In total, Andretti-piloted Lola T800s won six races, taking eight poles while leading 572 out of 2,285 laps, and earning Mario his final IndyCar championship and third “Driver of the Year” award. This car, claiming two of the six race victories with Mario Andretti behind the wheel, was a significant contributor to the Newman/Haas Racing team success in 1984.
Following the successful 1984 season, on 31 January 1985, the 1984 Lola T800 (chassis number HU 2) was sold.

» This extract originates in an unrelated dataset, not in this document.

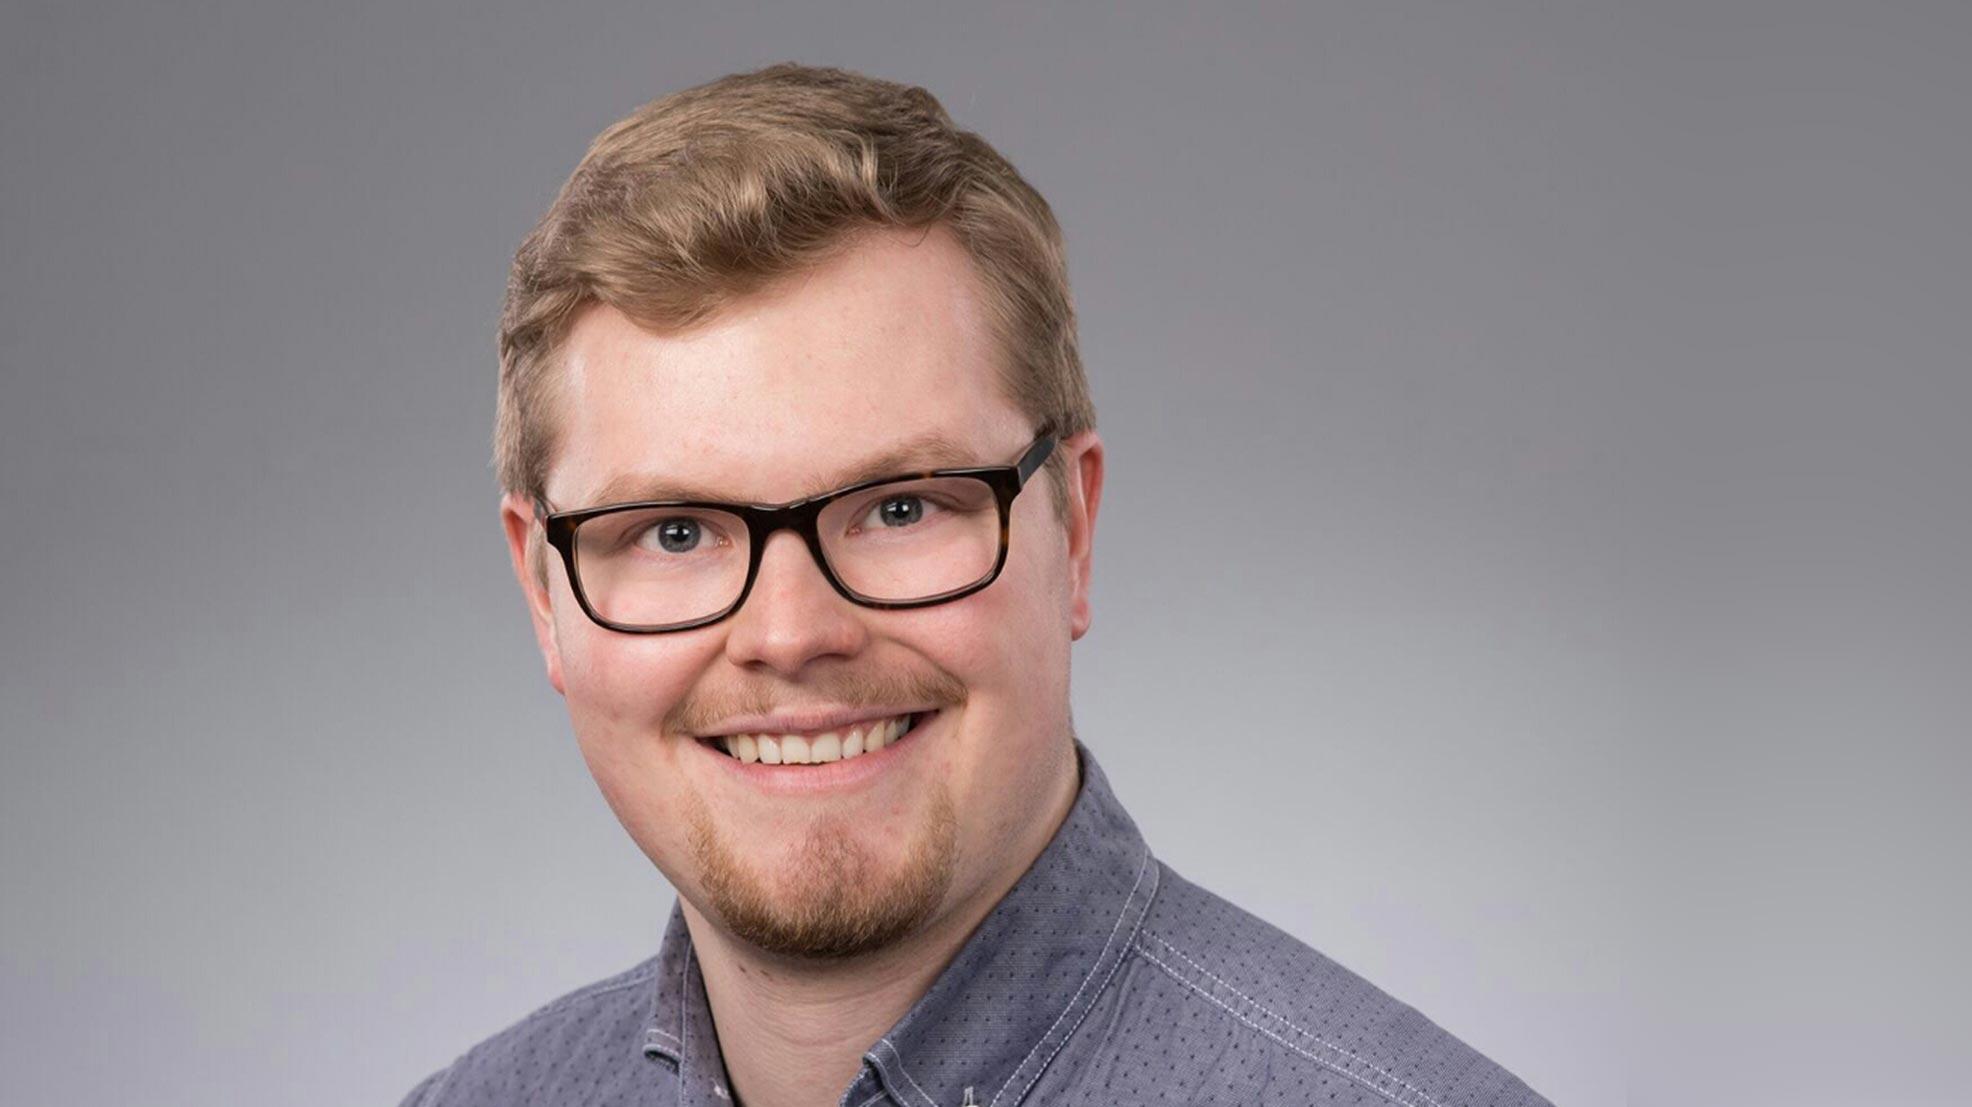 SAK:n uusi järjestöasiantuntija Jussi Kukkola

Following this transaction, it is believed the car was assigned a new CART serial number, CART Serial No. 423 (which remains on the car today), as another team would use this car in the 1985 and 1986 IndyCar seasons.
On 25 August 1995 Carl A. Haas re-acquired this 1984 Lola T800 (chassis number HU 2) which was re-liveried to its successful 1984 Newman/Haas Racing-Mario Andretti appearance and fitted with a period-correct engine, as presented today.
Mario Andretti remained with Newman/Haas Racing for another 10 years before retiring from open-wheel competition following the 1994 season, along the way enjoying his son Michael’s championship for Newman/Haas as a teammate in 1991. Newman/Haas Racing went on to win six more IndyCar championships through 2007, but perhaps none was so significant as the 1984 victory in only its second season, featuring a revolutionary design in the hands of one of racing’s most incomparable competitors.
One of just five built, this T800 offers a sensational addition to any racing-focused collection. It is a thoroughbred from one of IndyCar’s best-known and most successful American stables, one that powered the great Andretti to the very definition of racing success and his final championship.